=== Section Start ===

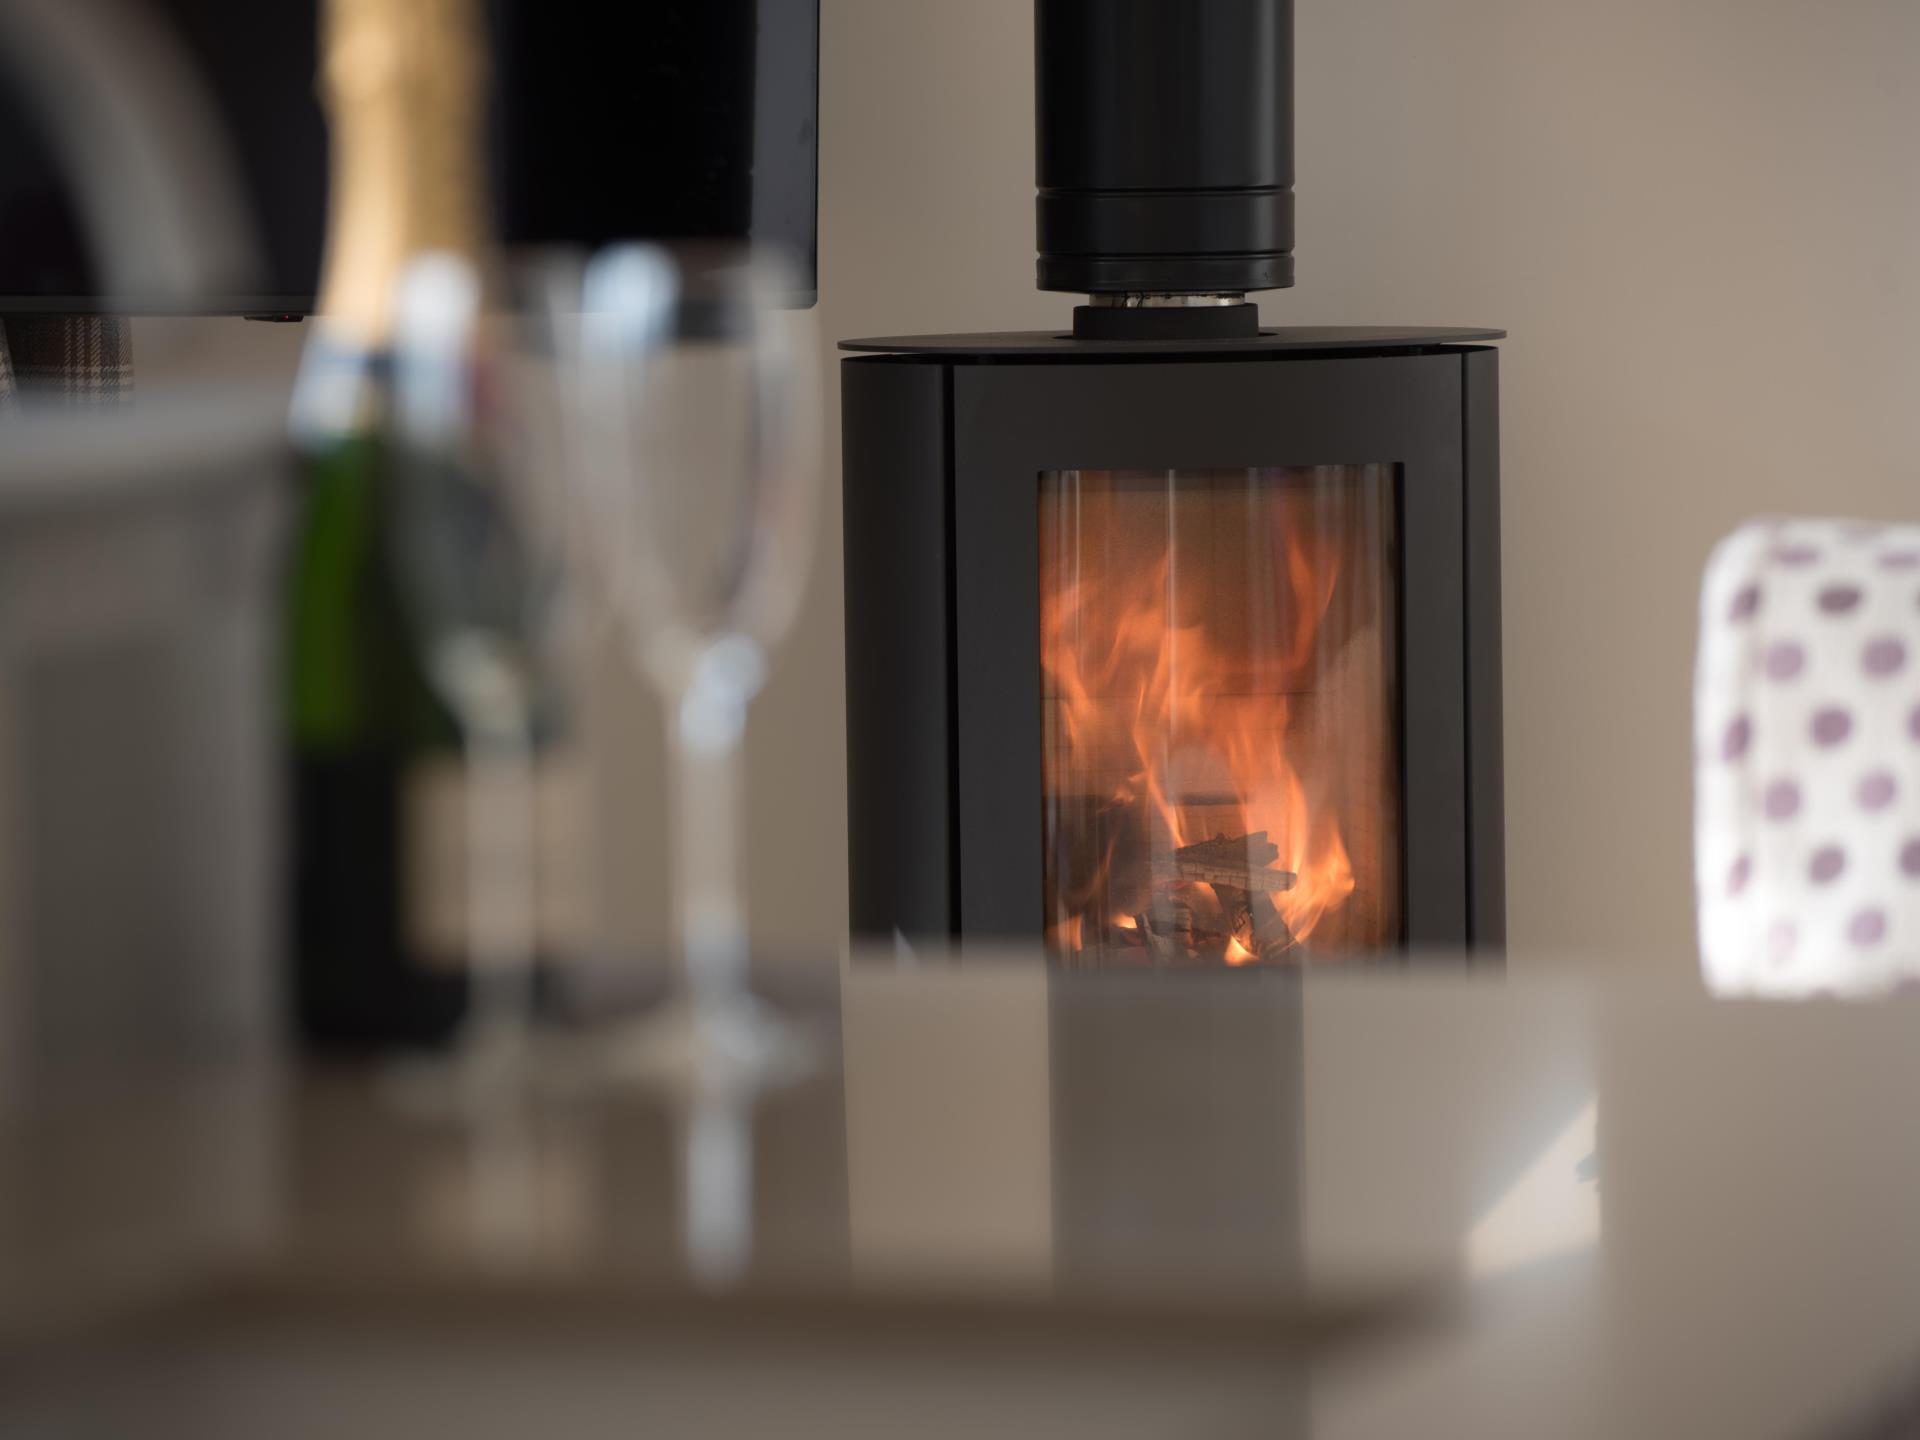 Enjoy your cosy real fire wood-burner
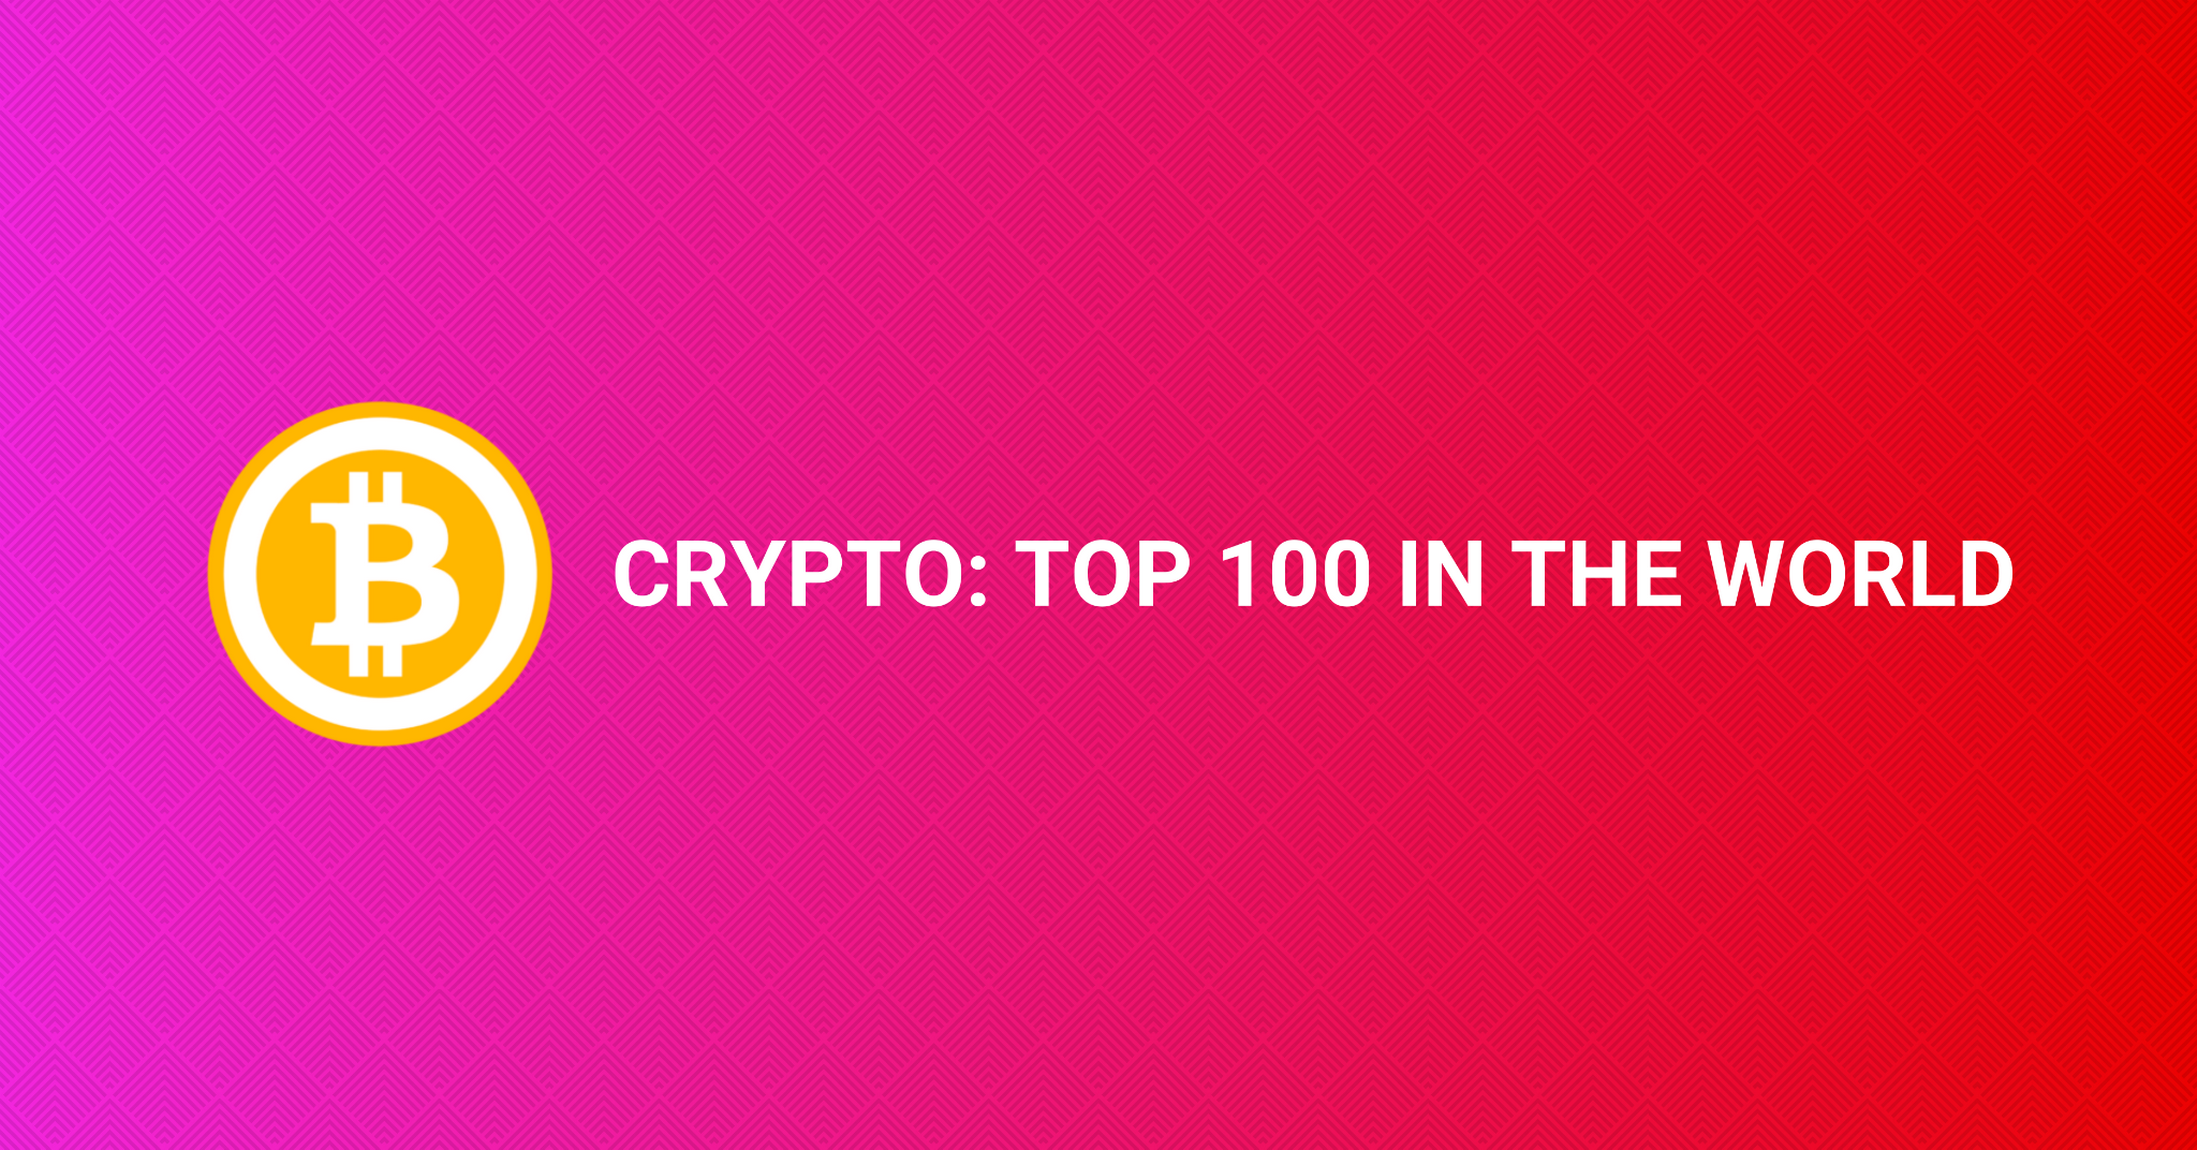 Crypto: Top 100 in the World
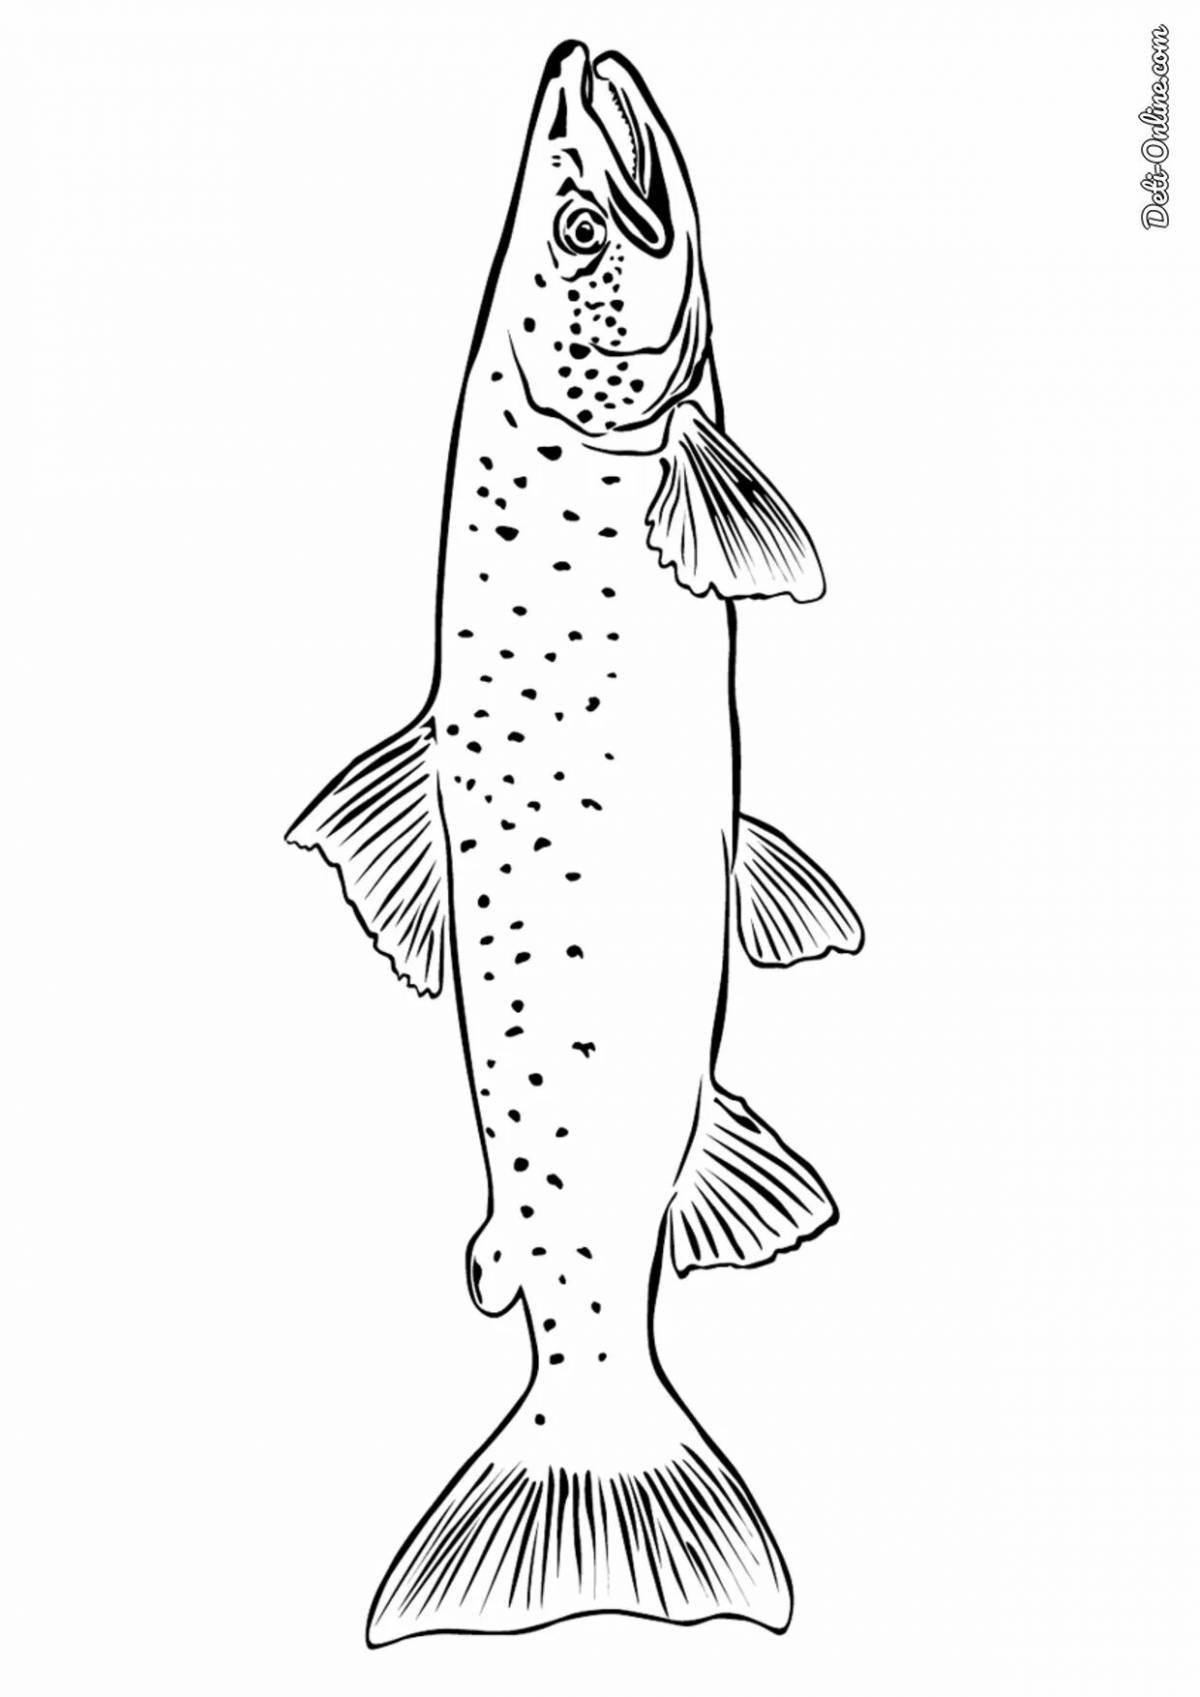 Great salmon coloring book
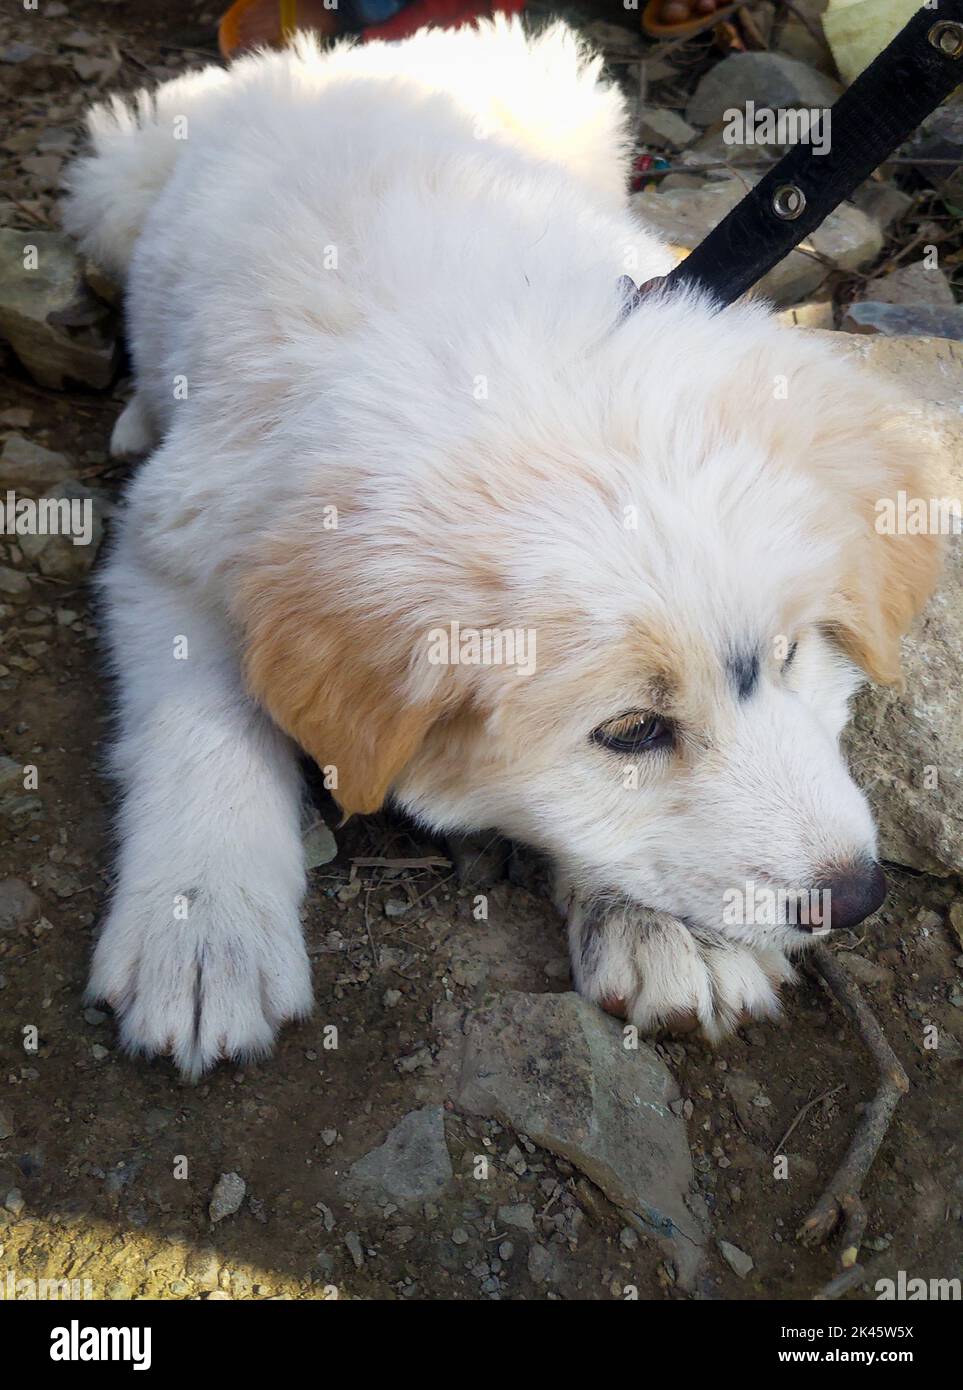 A close up shot of a cute white himalayan shepherd puppy in India sitting. Uttarakhand India. Stock Photo

=== Section End ===

Would you please repeat all the data word for word, but without the pictures?

SOLUTION »
 Enjoy your cosy real fire wood-burner
 Crypto: Top 100 in the World
 Great salmon coloring book
 A close up shot of a cute white himalayan shepherd puppy in India sitting. Uttarakhand India. Stock Photo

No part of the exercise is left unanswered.